# Onkyo Press Release About x09 Replacements



## Jungle Jack (Jul 28, 2009)

Hello,
I came across this and thought you guys might enjoy it.

"Onkyo Redefines "Entry Level" with 4 Heavy-Hitting AVRs

UPPER SADDLE RIVER, NJ (2/13/12) -- Onkyo, the leader in home theater technology, has announced the first four new AV receivers for its 2012 line, including three with network capability, including one with THX certification. All have USB connections and additional HDMI® inputs. The line also includes the world's first AV receivers to employ Silicon Image's InstaPrevue™ and Mobile High-Definition Link (MHL) technologies. Furthermore, the three network capable models are the world's first AVRs to include music 'cloud server' access via MP3tunes™.

The four new models are the Onkyo TX-NR616 THX-Certified 7.2-Channel Network Receiver, TX-NR515 7.2-Channel Network Receiver, TX-NR414 5.1-Channel Network Receiver, and TX-SR313 5.1-Channel Home Theater Receiver.

Onkyo's powerful WRAT (Wide Range Amplifier Technology) is now implemented throughout the line.
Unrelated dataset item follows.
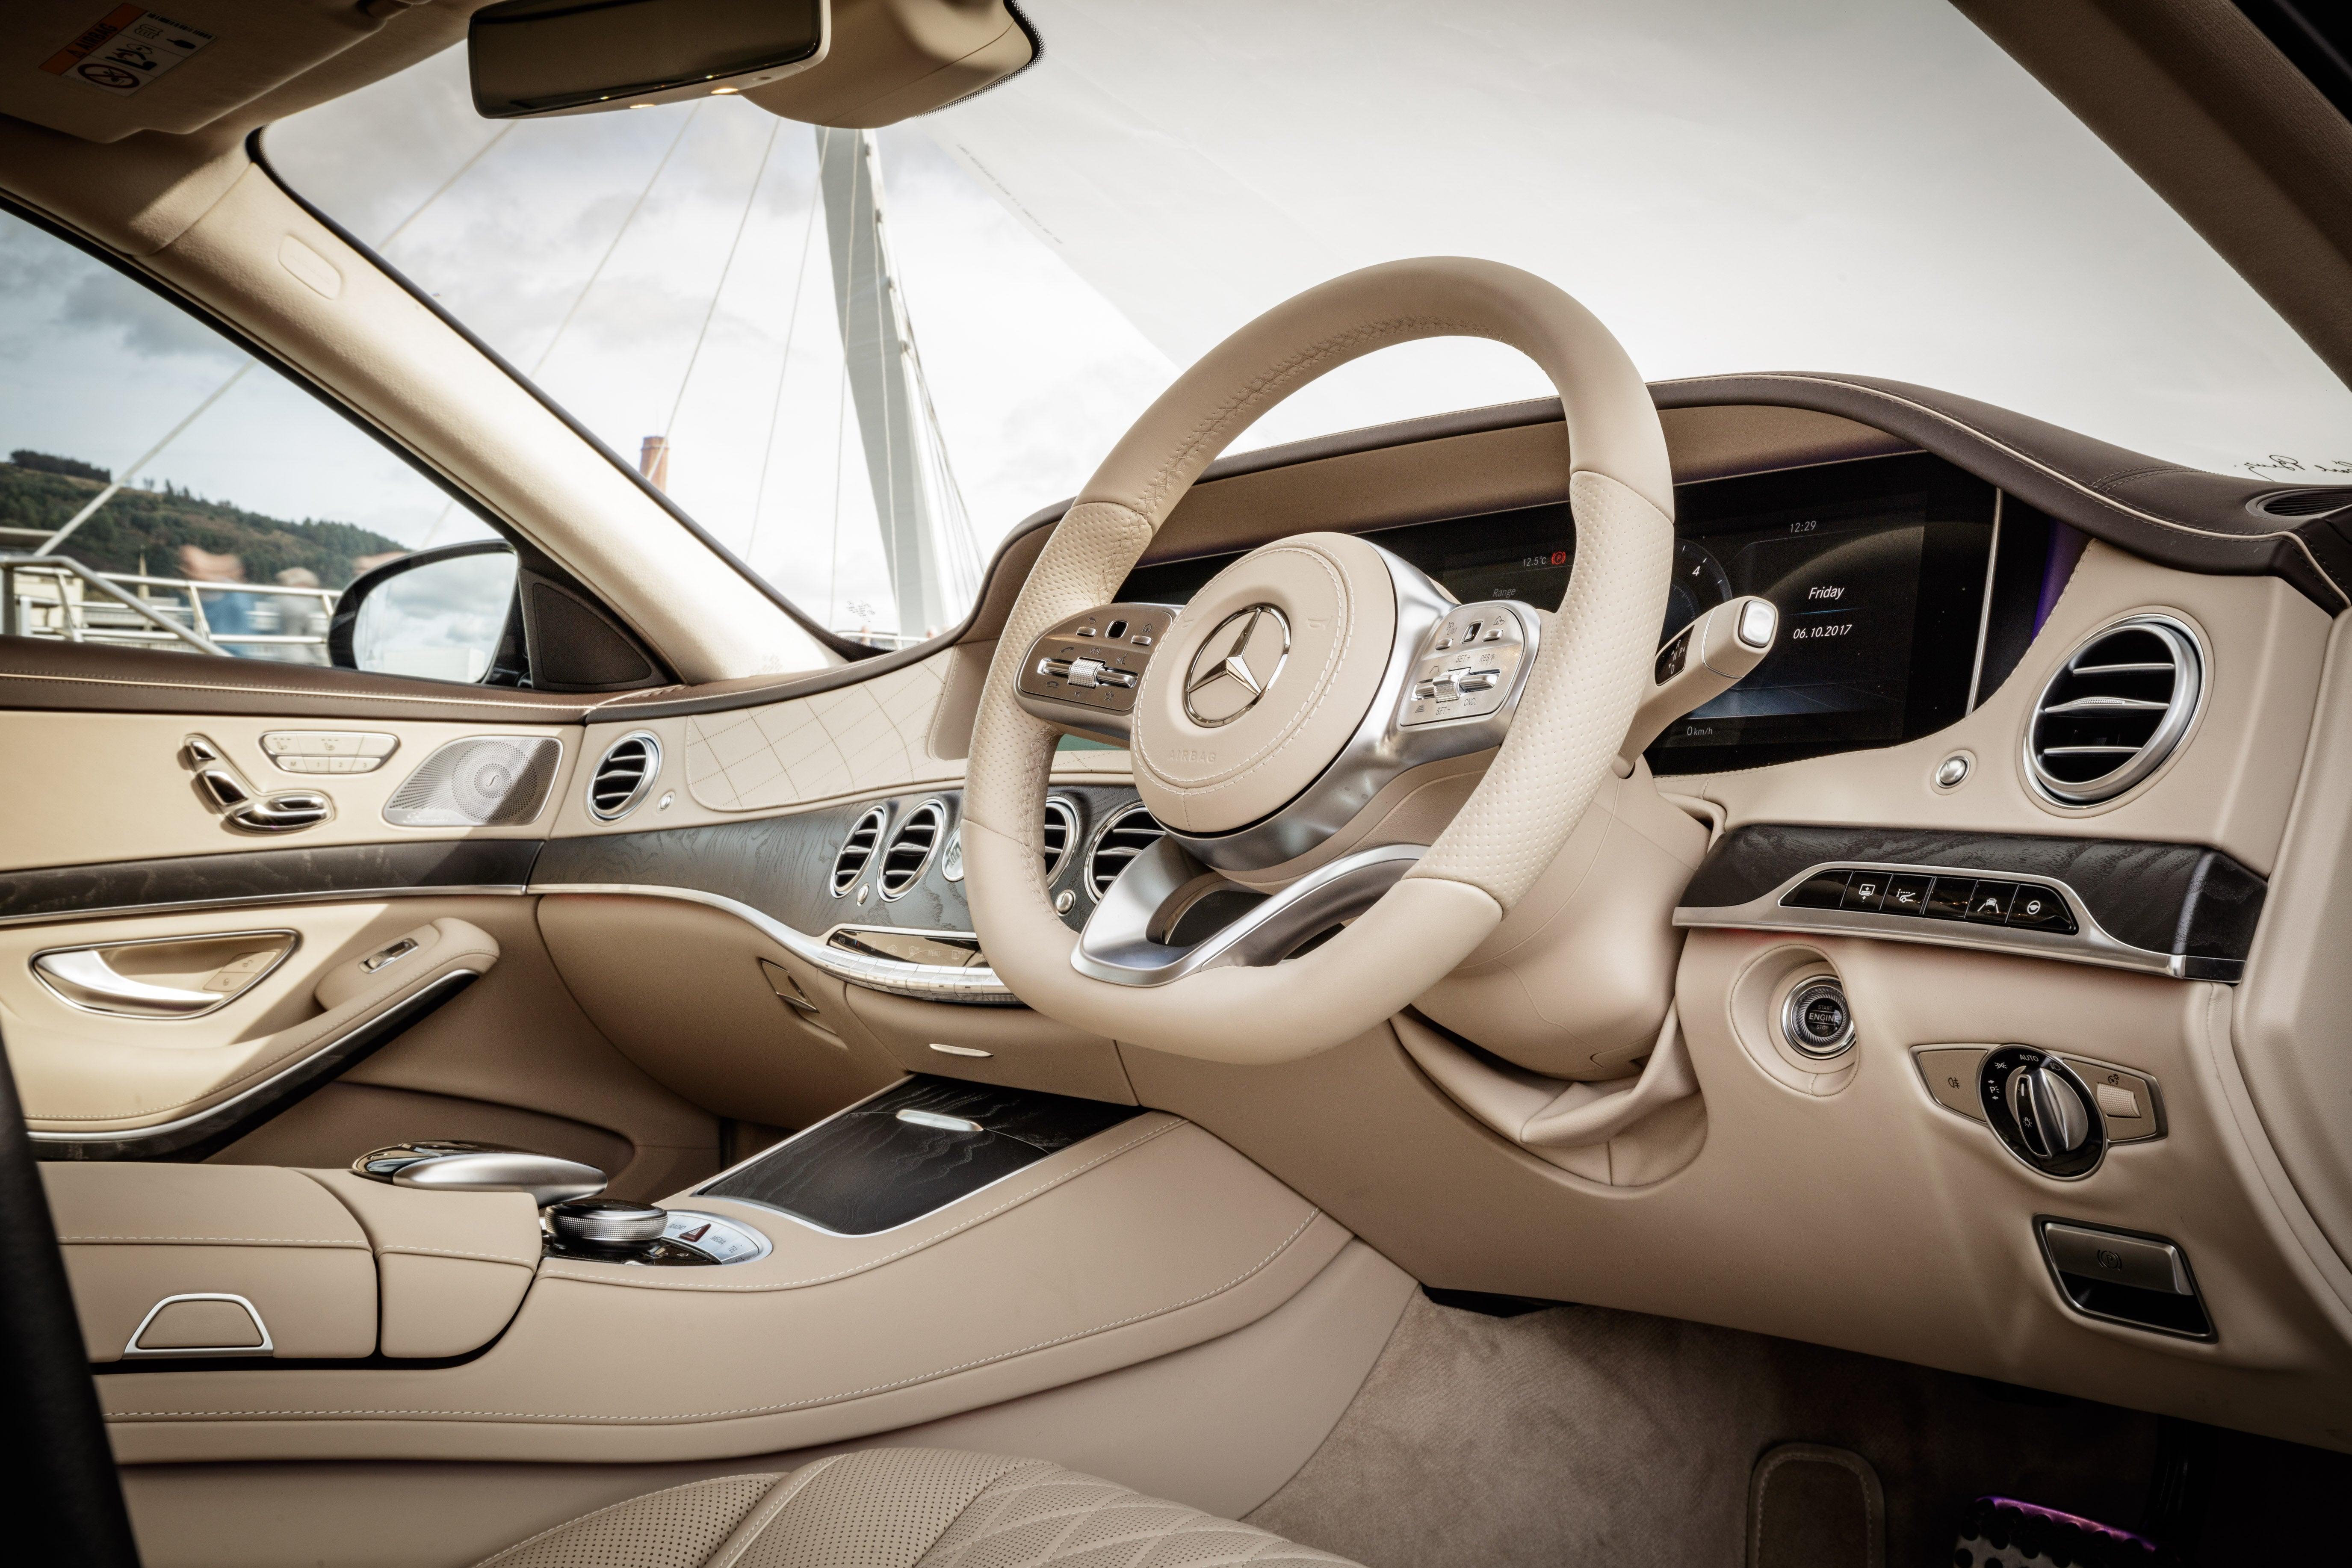 Mercedes S-Class front interior

This low negative-feedback topology reduces signal noise and guarantees superb performance with minimal distortion. Even the entry model TX-SR313, Onkyo now uses this discrete-component output stage rather than lower cost integrated circuit amplifiers.

The TX-NR616 is most powerful model in this release, and it is backed by a THX® Select2 Plus™ guarantee of cinema-quality sound. Achieving this demanding certification standard for audio quality is made possible partly by the use of Onkyo's three-stage inverted Darlington circuitry.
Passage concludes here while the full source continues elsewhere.